## [DATA FOR THIS TASK]
=== Section Start ===

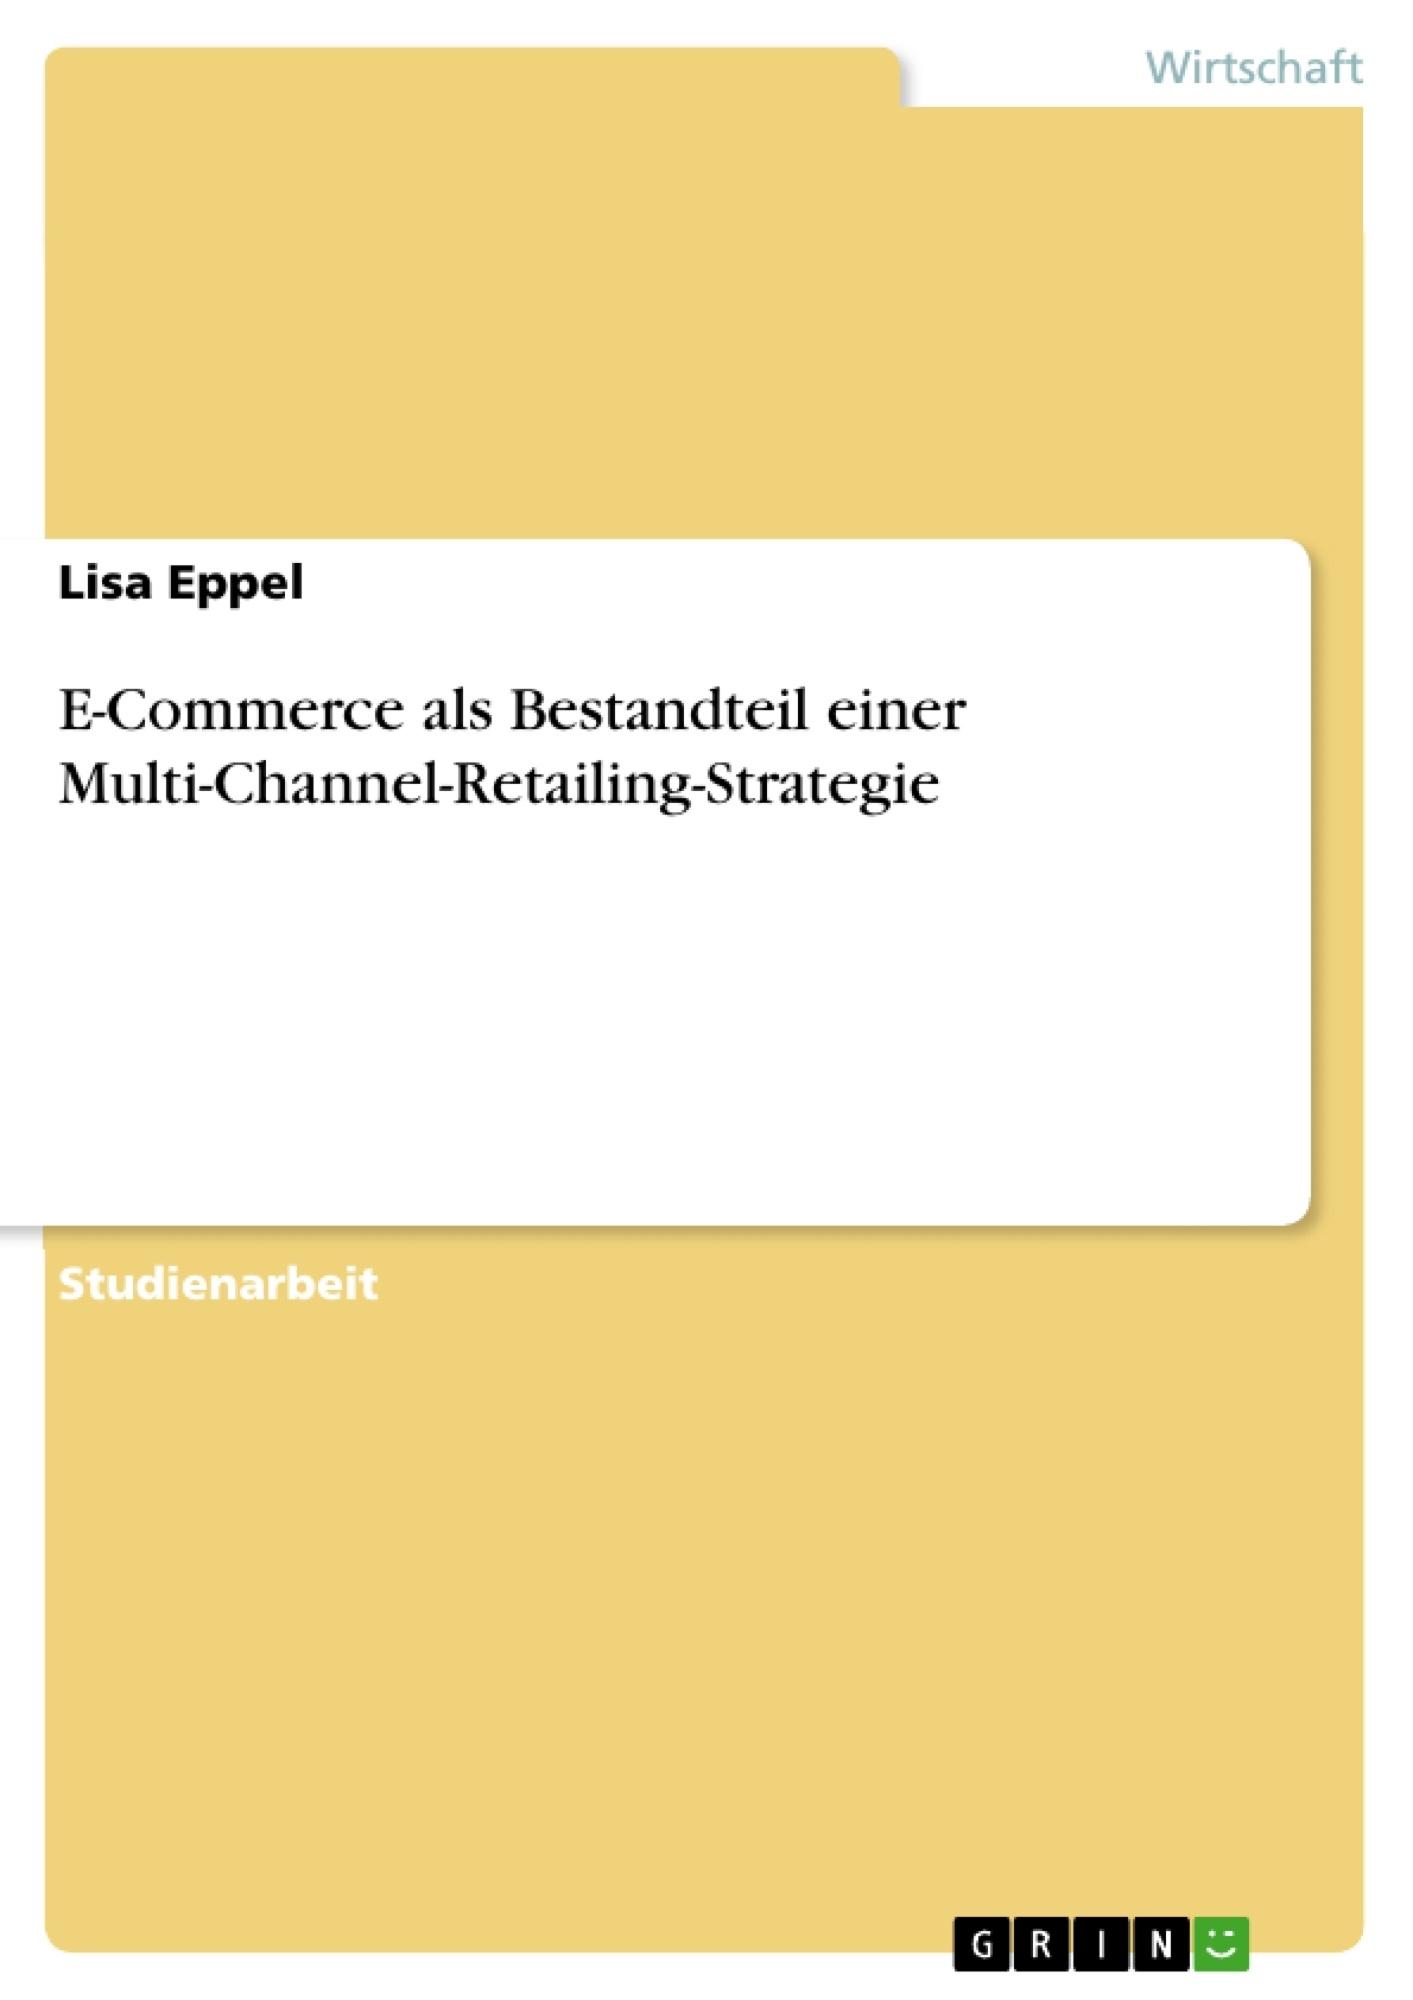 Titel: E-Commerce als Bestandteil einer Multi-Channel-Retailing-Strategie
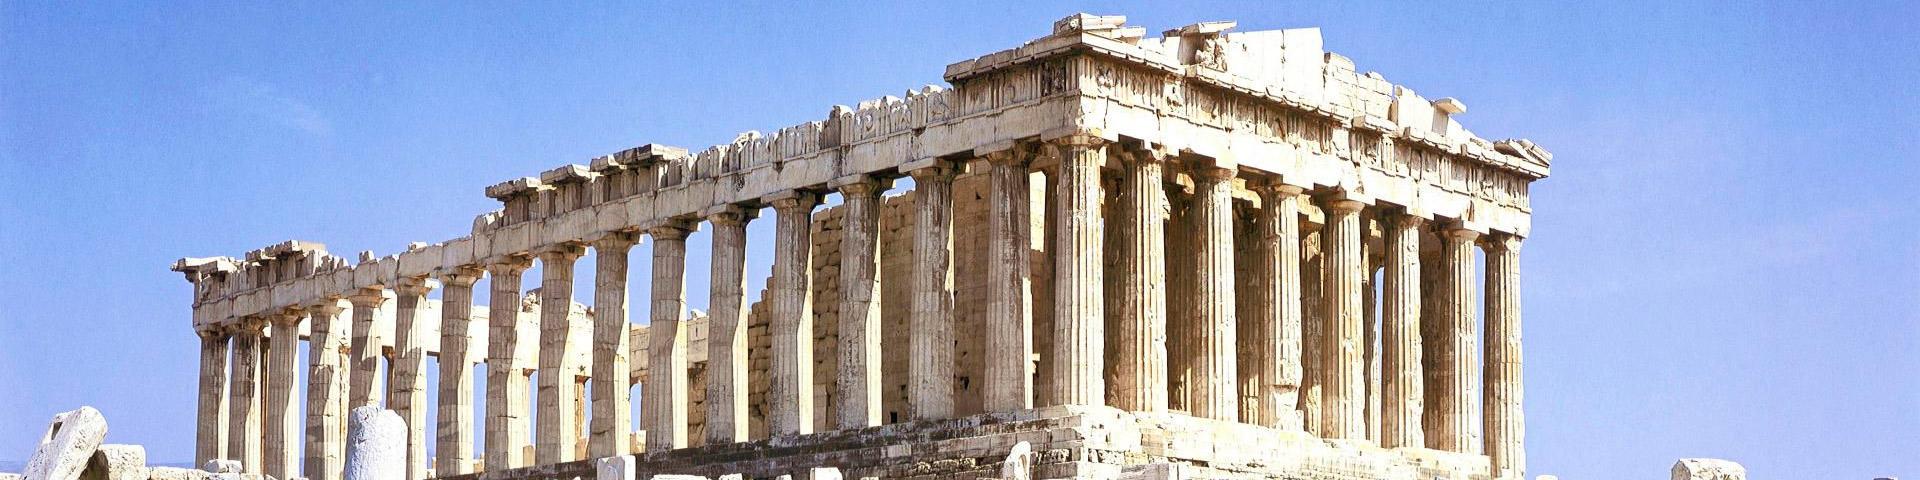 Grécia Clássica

=== Section End ===
=== Section Start ===

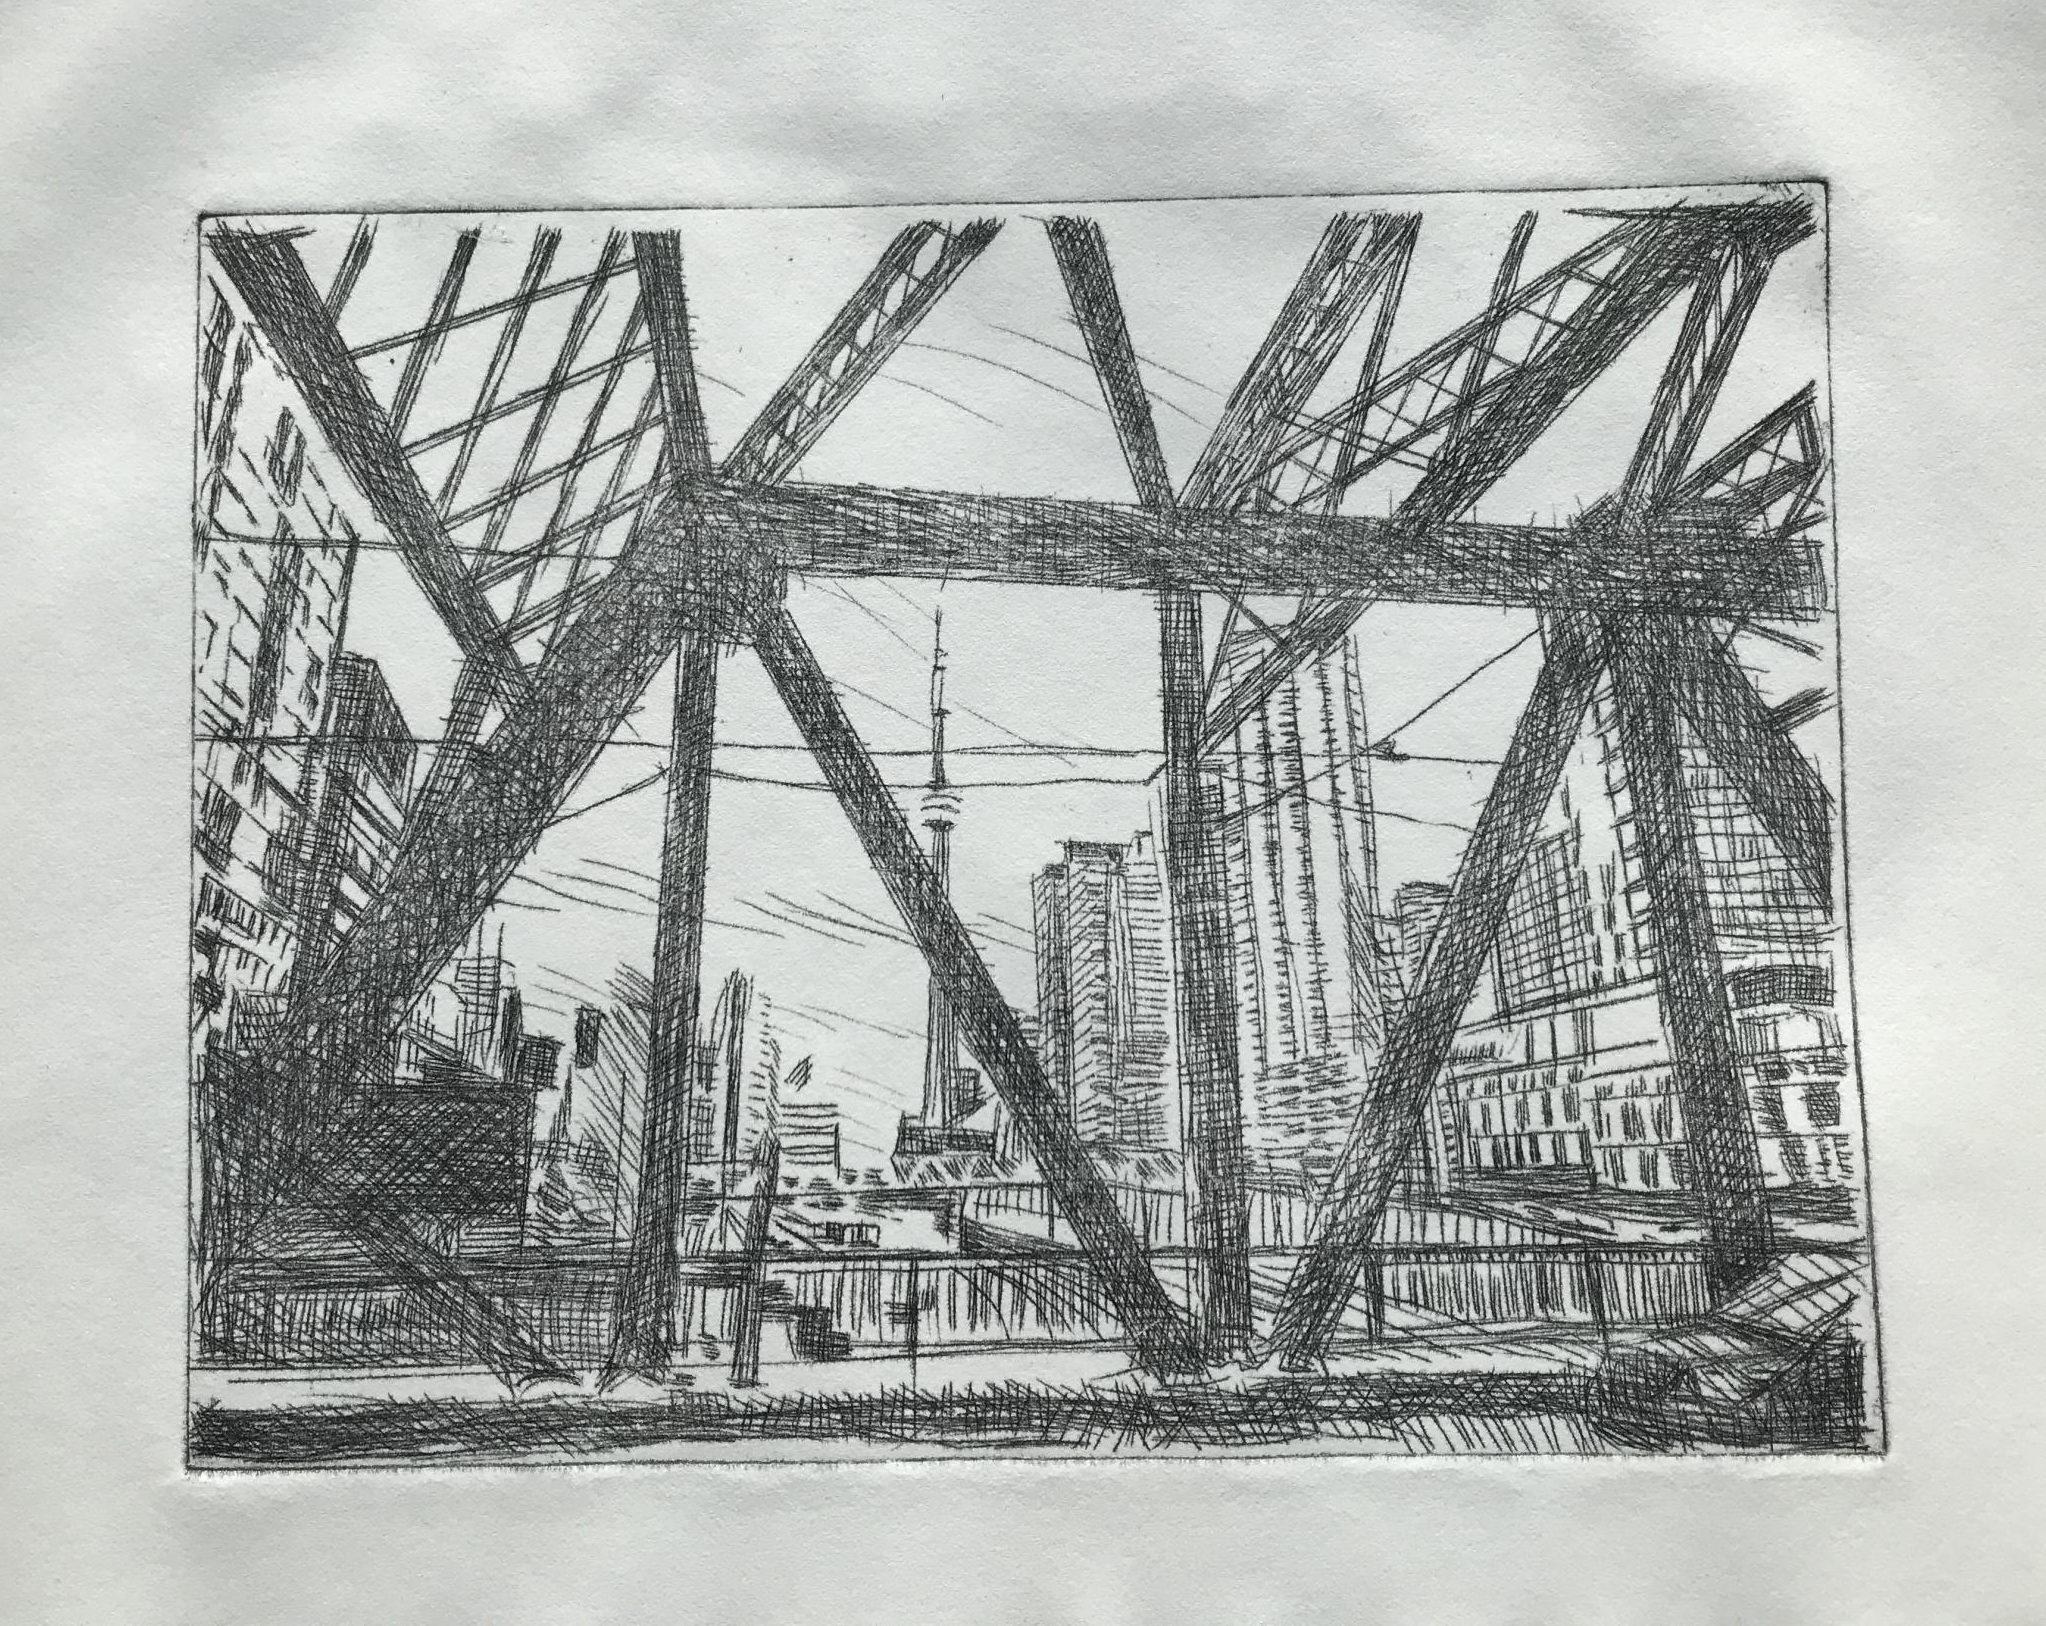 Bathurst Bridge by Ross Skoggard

=== Section End ===

Would you copy, word for word, only the lines above from the one containing "Titel: E-Commerce als" through the one containing "Grécia Clássica", both included, and please leave out the pictures?

 Titel: E-Commerce als Bestandteil einer Multi-Channel-Retailing-Strategie
 Grécia Clássica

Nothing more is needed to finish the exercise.